Writers of literary works say don’t go chasing an audience. Don’t picture the reader in your mind. Just focus on the story and serve the story. Basically, the exact opposite of how copywriters work.
The best copywriters are obsessed with reaching members of a pre-determined audience and moving them to act. For a copywriter, words on the page are not abstractions, they’re not hazy thoughts draped over a red velvet chair, words are the vehicle, the high-powered engine with the means to reach the desired audience and the agreed-upon end.
Not Always the Best Advice: Tell Your Story, Your Way
To highlight the “tell your story, your way” argument, I could pick out any one of a hundred pieces of writing advice. This is what screenwriter, John Milius says:
To write for someone else is the biggest mistake that any writer makes. You should be your biggest competitor, your biggest critic, your biggest fan, because you don’t know what anybody else thinks. How arrogant it is to assume that you know the market, that you know what’s popular today—only Steven Spielberg knows what’s popular today. Only Steven Spielberg will ever know what’s popular. So leave it to him. He’s the only one in the history of man who has ever figured that out.
When I consider his point of view—one shared by countless other writers—part of me nods my head in agreement. Another part of me wants to scream.
The biggest mistake a writer makes is leaving untold stories withering on the vine. The biggest mistake is not writing, not believing, not developing a routine, and not improving. Writing for other people is not a mistake at all.
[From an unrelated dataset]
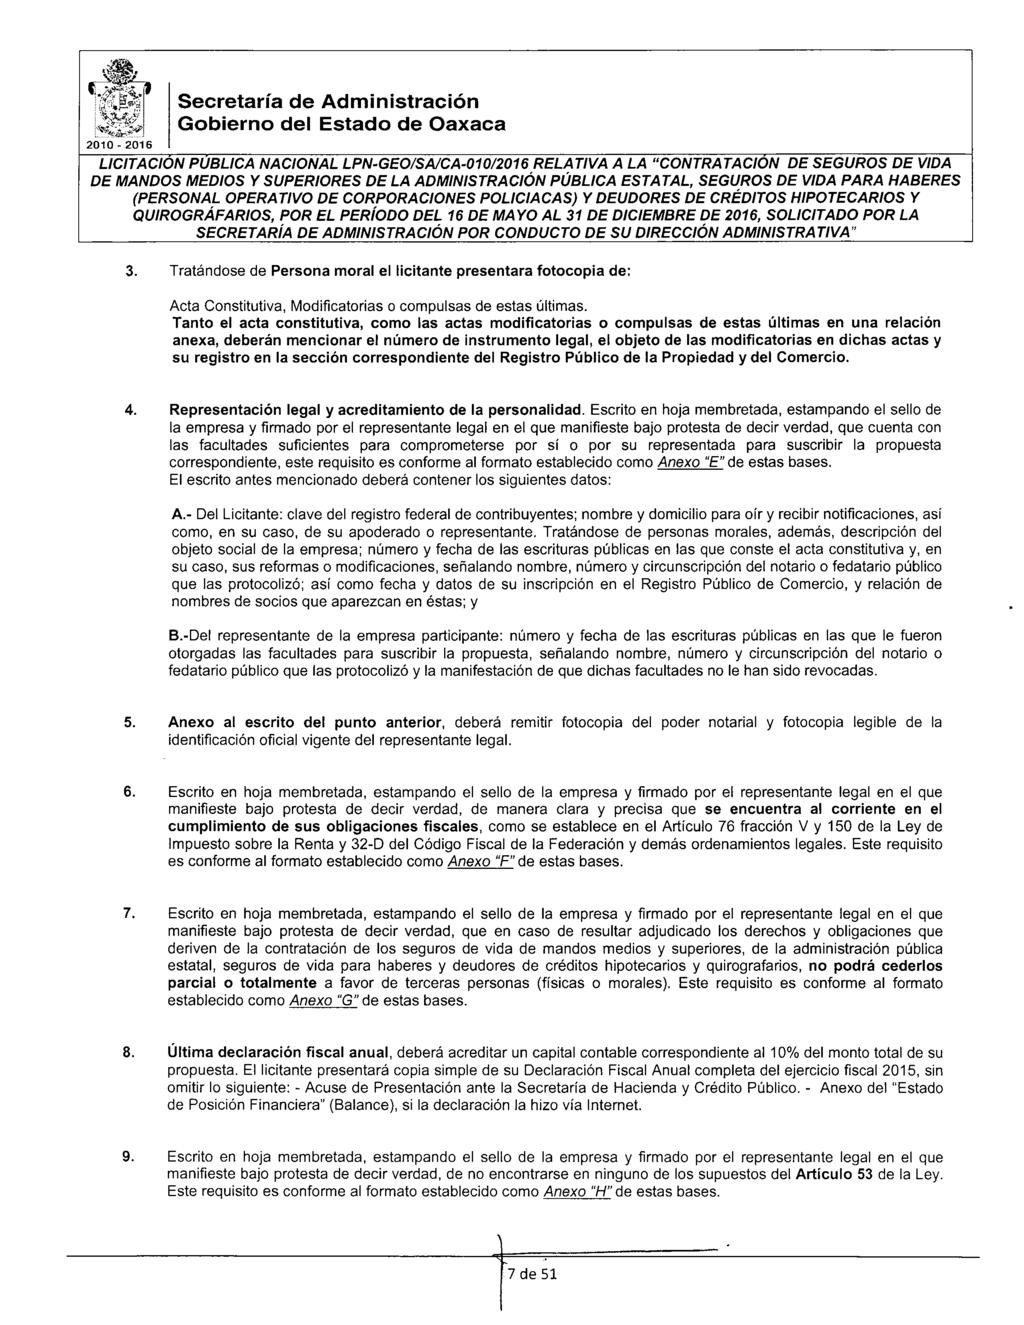 Gbiern del Estad de Oaxaca 2010-2016 LICITACION PUBLICA NACIONAL LPN-GEO/SAICA-01012016 RELATIVA A LA "CONTRATACION DE SEGUROS DE VIDA 3.

Writing for other people is also not the same thing as compromising your values or dumbing down your work. That sometimes happens, but it’s not a pre-ordained outcome.
A writer of literary works can care about the reader and maintain their integrity. The reader is not the enemy of your best work. In fact, just the opposite. It’s readers who spend time with your work and gain something from it. To me, it seems neglectful to not consider the reader.
Cozy Up and Open Up
John Milius also suggests that it’s best for a writer to be his or her own biggest fan. I disagree. Writing is lonely work as it is, and what helps is to hear directly from a reader who knows and supports you. A few kind words from this person can help spur you on, and help you to remember to believe in yourself and the work you’re doing.
Publishing is a business and a writer has to know something about it, how it works, and who is who. The lone writer in a room is where the manufacturing of books begins, but it doesn’t end there. Getting a book into a reader’s hands requires the help of several more people. Professional people who know how to help writers make better books.
If you write experimental fiction, then cozy up to the editors, agents, publishers, and readers in that world. By immersing in a community as a reader before you step up as a writer, you instinctively know what readers want, because it’s also what you want.
Writing is about artistic self-expression.
Writing is about connecting with readers.
Both of these things are true. What I don’t like about the lack of market awareness in literary writers is the solipsistic pose. For a story to work, it needs to reach a reader, and when it does the reader ought to be changed by it. Writing when there’s a reader on the other end is an alchemical exchange. That’s exciting to consider and to consider it fully, it means keeping readers in mind.